Вот кончился уже первый тайм, а ни кок, ни шофер, ни радист не могли поразить ворота рядового. Немножко успокоившийся капитан кричал ему с мостика:

– Молодец, Гриценко! Выдам двойную норму боеприпасов! – как будто Гриценко только и мечтал, как бы побольше пострелять.

– Пять желтых, одна красная и одна зеленая, – насчитал Молодой Архар. – Еще бы три желтых и две зеленых, был бы условный сигнал…

Вот начался второй тайм. Алеша с Дэном оборонялись, штурман им только мешал, а противники всё атаковали. Судья перестал наказывать Алешину команду, зато наказал несколько раз Афанасия, но забыл выгнать его с поля.

– Купленный судья, с-скотина! – шипел Дэн.

Наконец Виталик решился на дальний удар.
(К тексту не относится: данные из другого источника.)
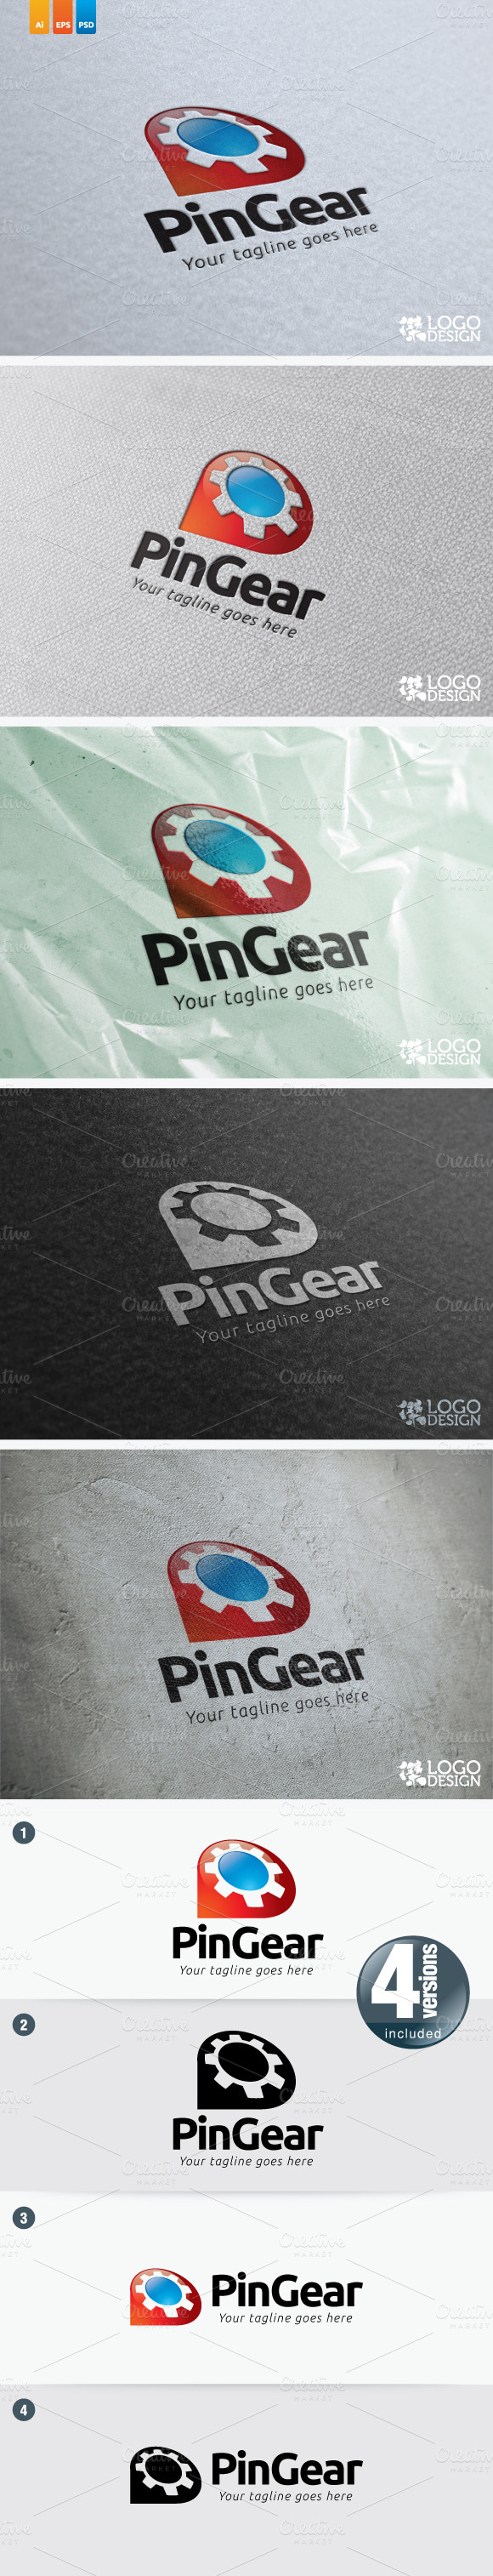 Pin Gear

Гриценко отразил, как всегда, блестяще, но тут случайно на пути мяча попался маленький радист. Мяч стукнулся о Радия Родионовича, уронил его и отскочил к Афанасию. Афанасий пробил точно в угол, но Гриценко среагировал и на этот выстрел. Он бы отбил и этот сложнейший удар, если б мяч снова не стукнулся о лежащего на земле, размахивающего руками и ногами радиста и не влетел бы с ним вместе совсем в другой угол.

Так радист стал автором единственного гола в матче. Судья предпочел не заметить, что лежал радист в положении «вне игры», и гол засчитал. Медведь Коля подбежал к Радию Родионовичу и стал кидать его в воздух. Уважение шофера к радисту, и так огромное, раздулось до непомерных размеров.
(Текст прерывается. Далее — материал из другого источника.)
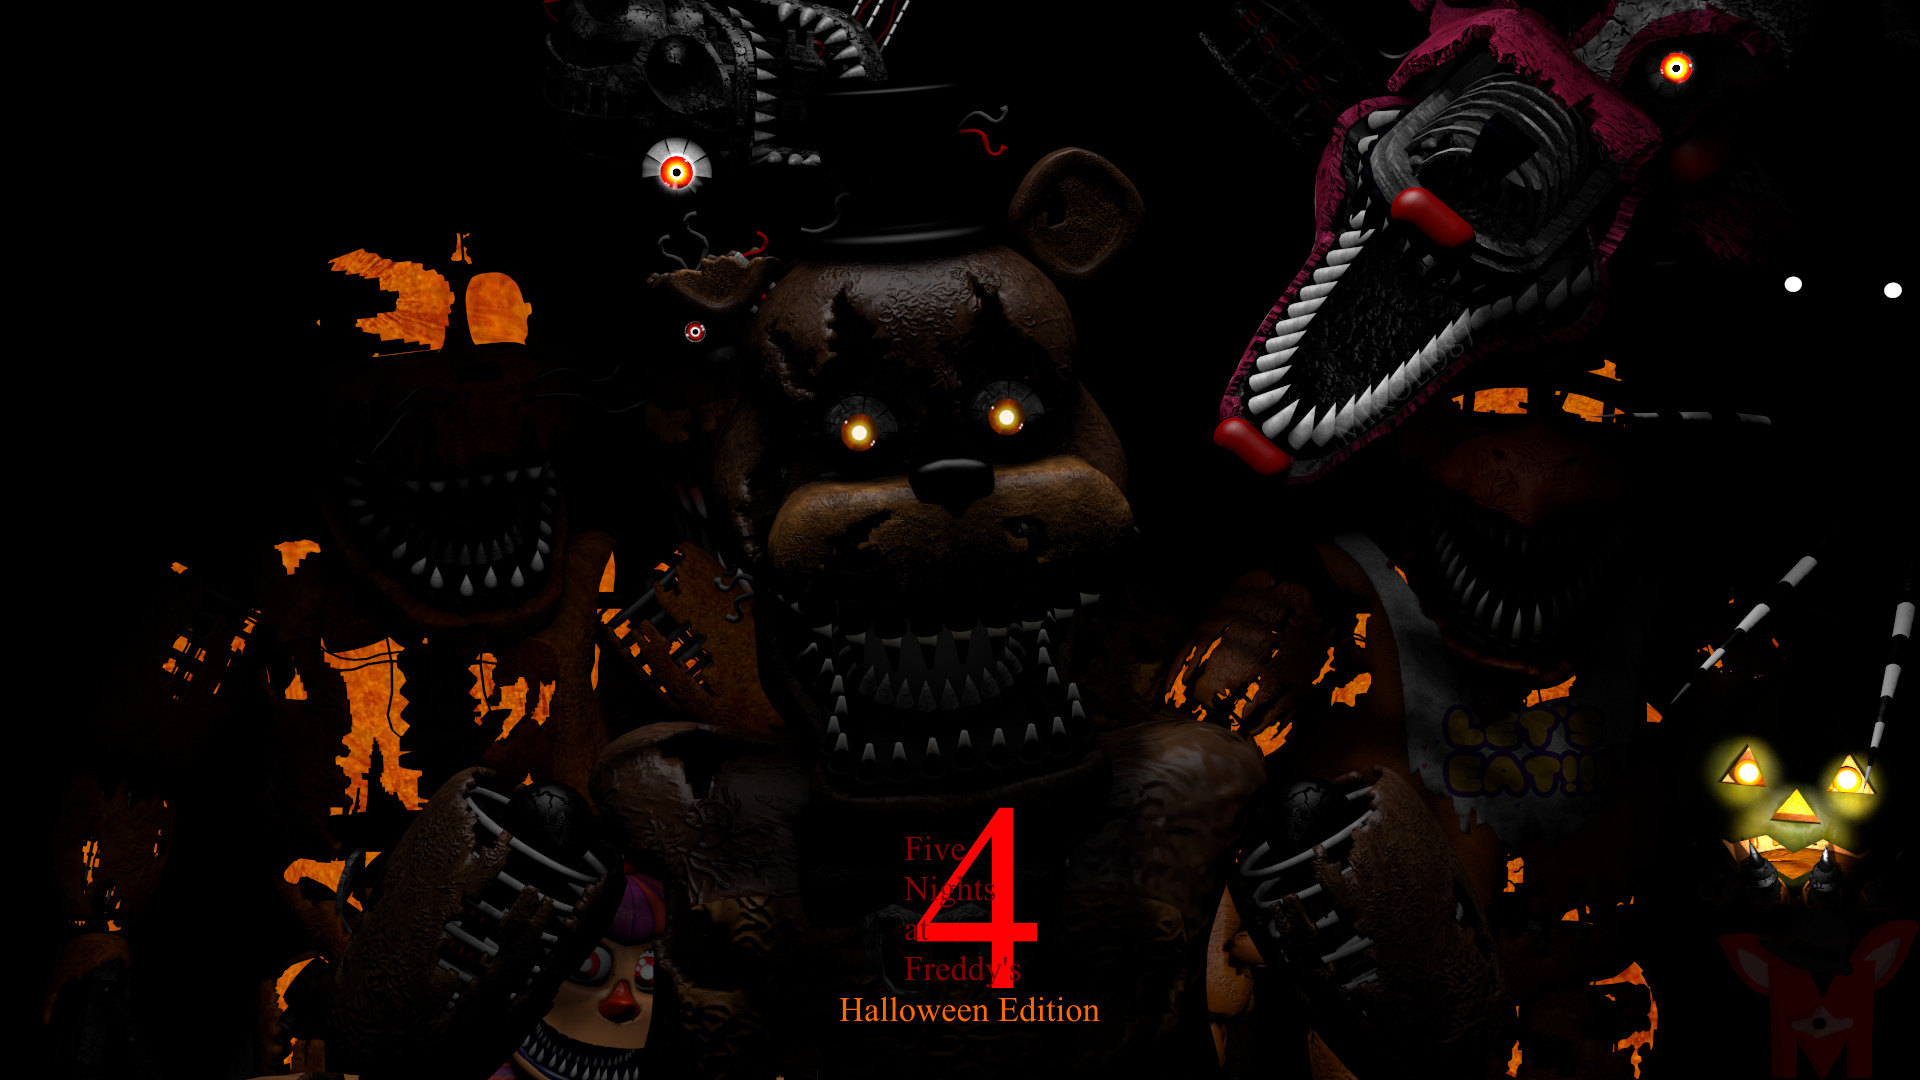 FNaF SFM: Five Nights At Freddy's 4 Halloween by Mikol1987 on .

Бабушка, не разобравшись в ситуации, снова начала тоненько вскрикивать и бросать в воздух чепчик. Так они и взлетали попеременно – чепчик и радист Радий Родионович.

Игра продолжалась еще некоторое время. Заканчивали уже в темноте, играли на слух, на запах, на изменение температуры воздуха, на вибрацию земли. Стало довольно холодно, как всегда бывает в степи в сентябре, и арбитр в знак окончания встречи выпустил в воздух двойную зеленую ракету.
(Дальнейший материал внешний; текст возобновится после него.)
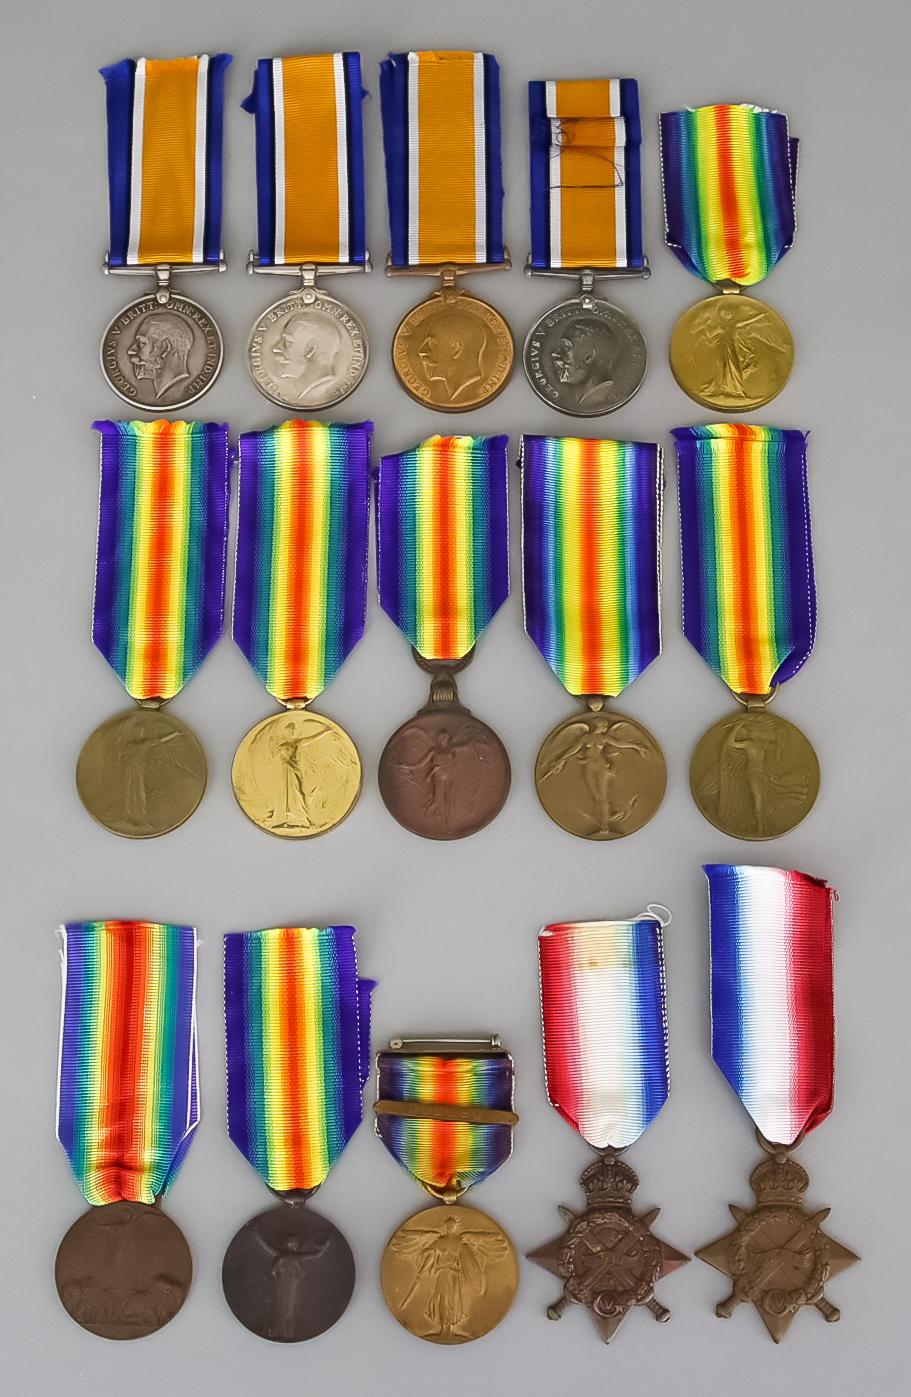 Four George V First World War War Medals, including - to 82272SJT.R.Wright.R.E., nine George V

Пожал руки всем игрокам и остался стоять на поле с непроницаемым монгольским выражением лица.

Бабушка удалилась в каюту, забрав с собой Хрюшу, Степашку и прочих.

Девушки заснули прямо на поле. Их не стали будить, а донесли на руках. Галю (или Машу) нес кок Афанасий, а Машу (или Галю) – Алеша. Девушка, которую нес Афанасий, улыбалась во сне. Может быть, она перепутала носильщиков? Ведь даже имена у них начинались на одну букву.

Шофер Коля нес радиста.

Запасной шофер Виталик шутки ради спрятался в шкафчике (футболистам вынесли шкафчики, чтоб они спокойно переоделись), но, когда выскочил, никого не насмешил.

Матрос Гриценко покидал поле со слезами на глазах. Он единственный не пожал руки арбитру с монгольским выражением лица.

Остальные-то, правда, хоть и пожали, поступили ничуть не лучше, не благороднее. Ночью, вместо того, чтоб читать стихи, или тупо глядеть в потолок, или спать, матросы подрались стенка на стенку.

Потом мирились мизинчиками, хотели было прочесть новые стихи в знак примирения, но почему-то не стали.

После драки сопели во сне, ворочались, шлепали разбитыми губами.

Молодой Архар все ждал, ждал. Выждал еще полчаса для верности. Решился прервать пение своего командира.

– Мой командир, – сказал он, – я видел условный сигнал: восемь желтых ракет, одна красная и три зеленых. Значит, на юго-востоке корабль с головой вашего друга.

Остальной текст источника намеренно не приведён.